The task - The copy must match the data below line for line and contain no images.

Collected material -
++++++++++

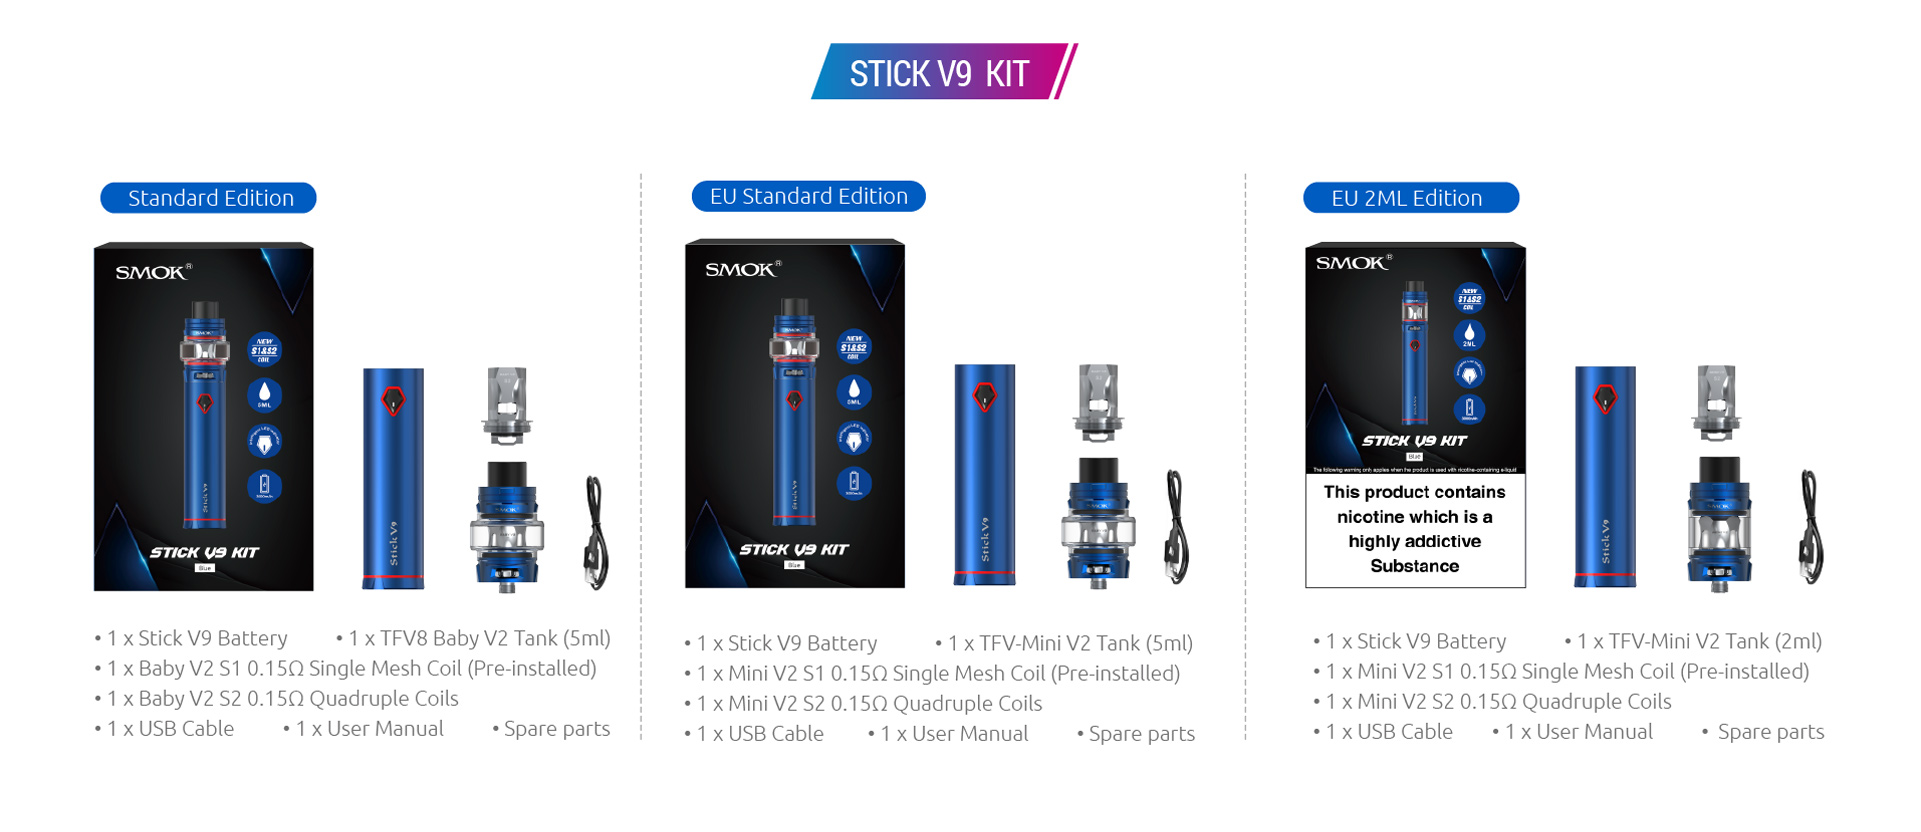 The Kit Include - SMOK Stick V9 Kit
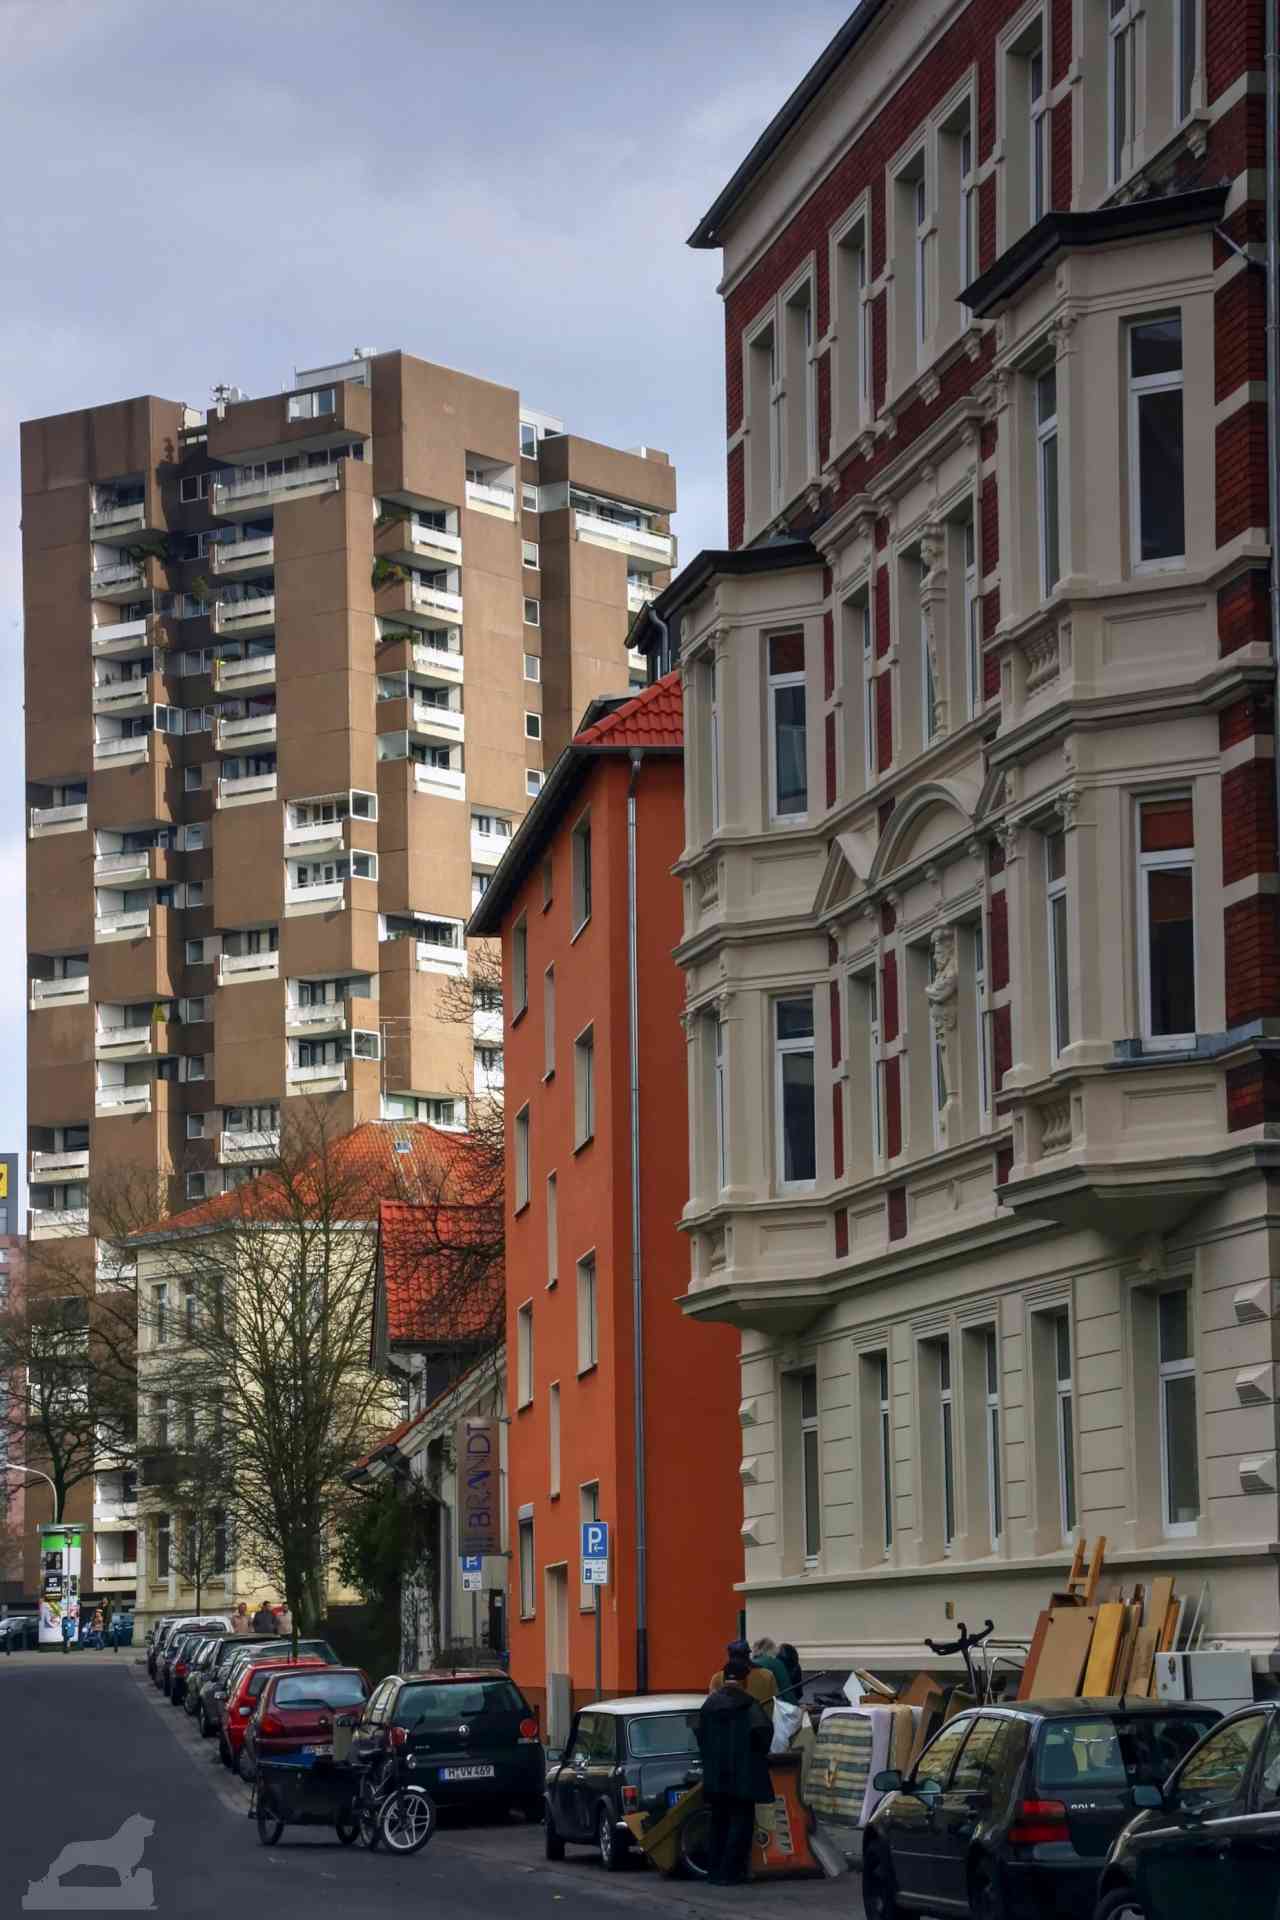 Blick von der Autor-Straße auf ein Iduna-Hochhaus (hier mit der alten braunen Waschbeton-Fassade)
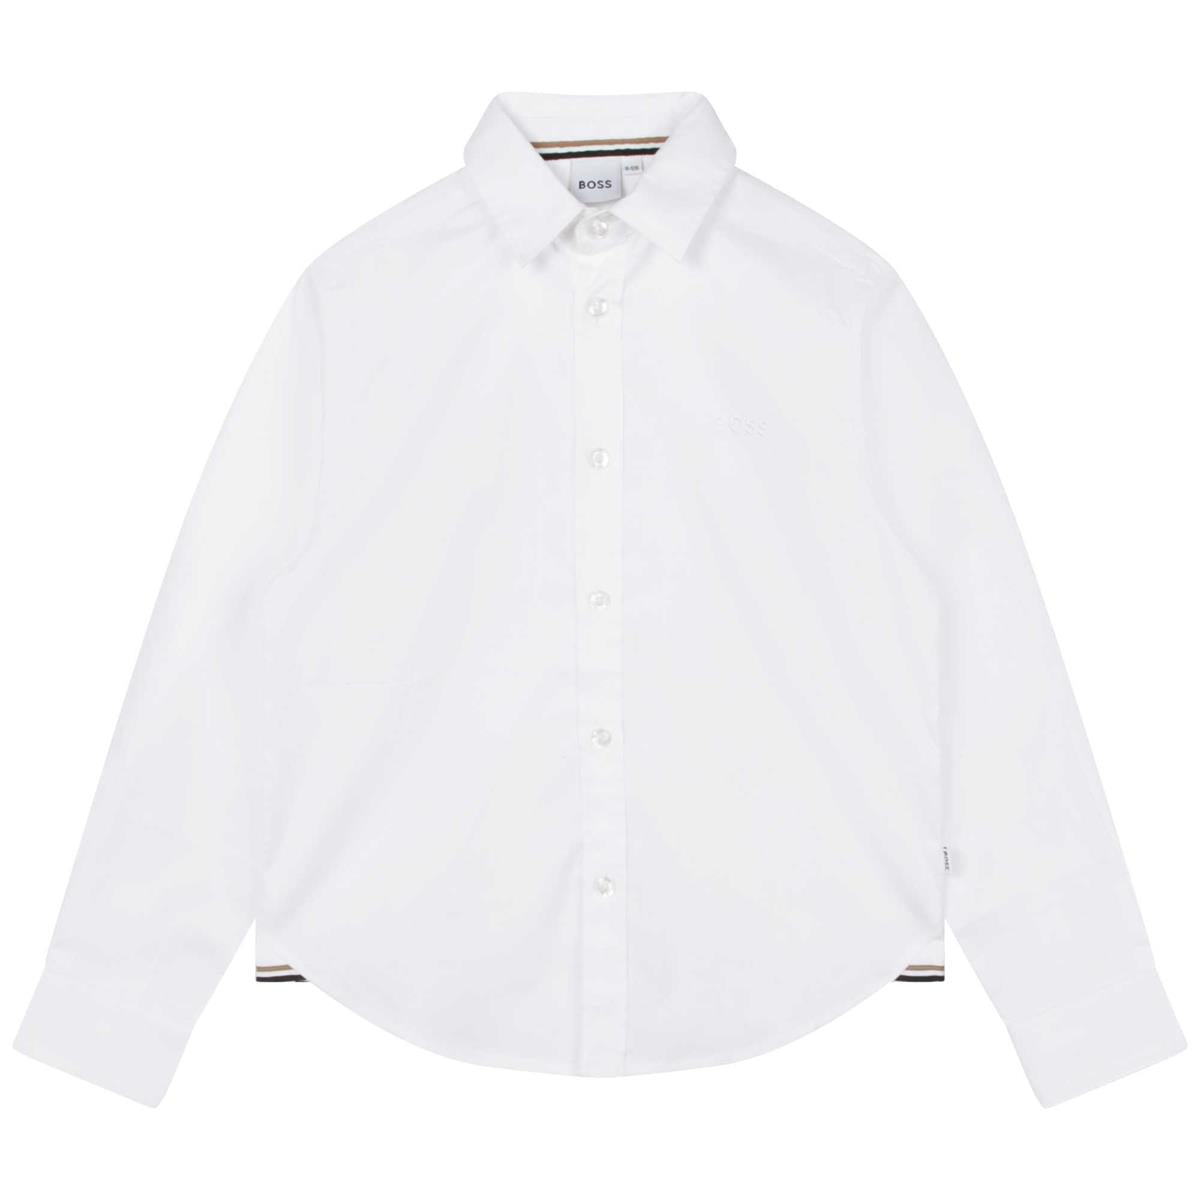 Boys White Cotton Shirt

++++++++++

Output below -
 The Kit Include - SMOK Stick V9 Kit
 Blick von der Autor-Straße auf ein Iduna-Hochhaus (hier mit der alten braunen Waschbeton-Fassade)
 Boys White Cotton Shirt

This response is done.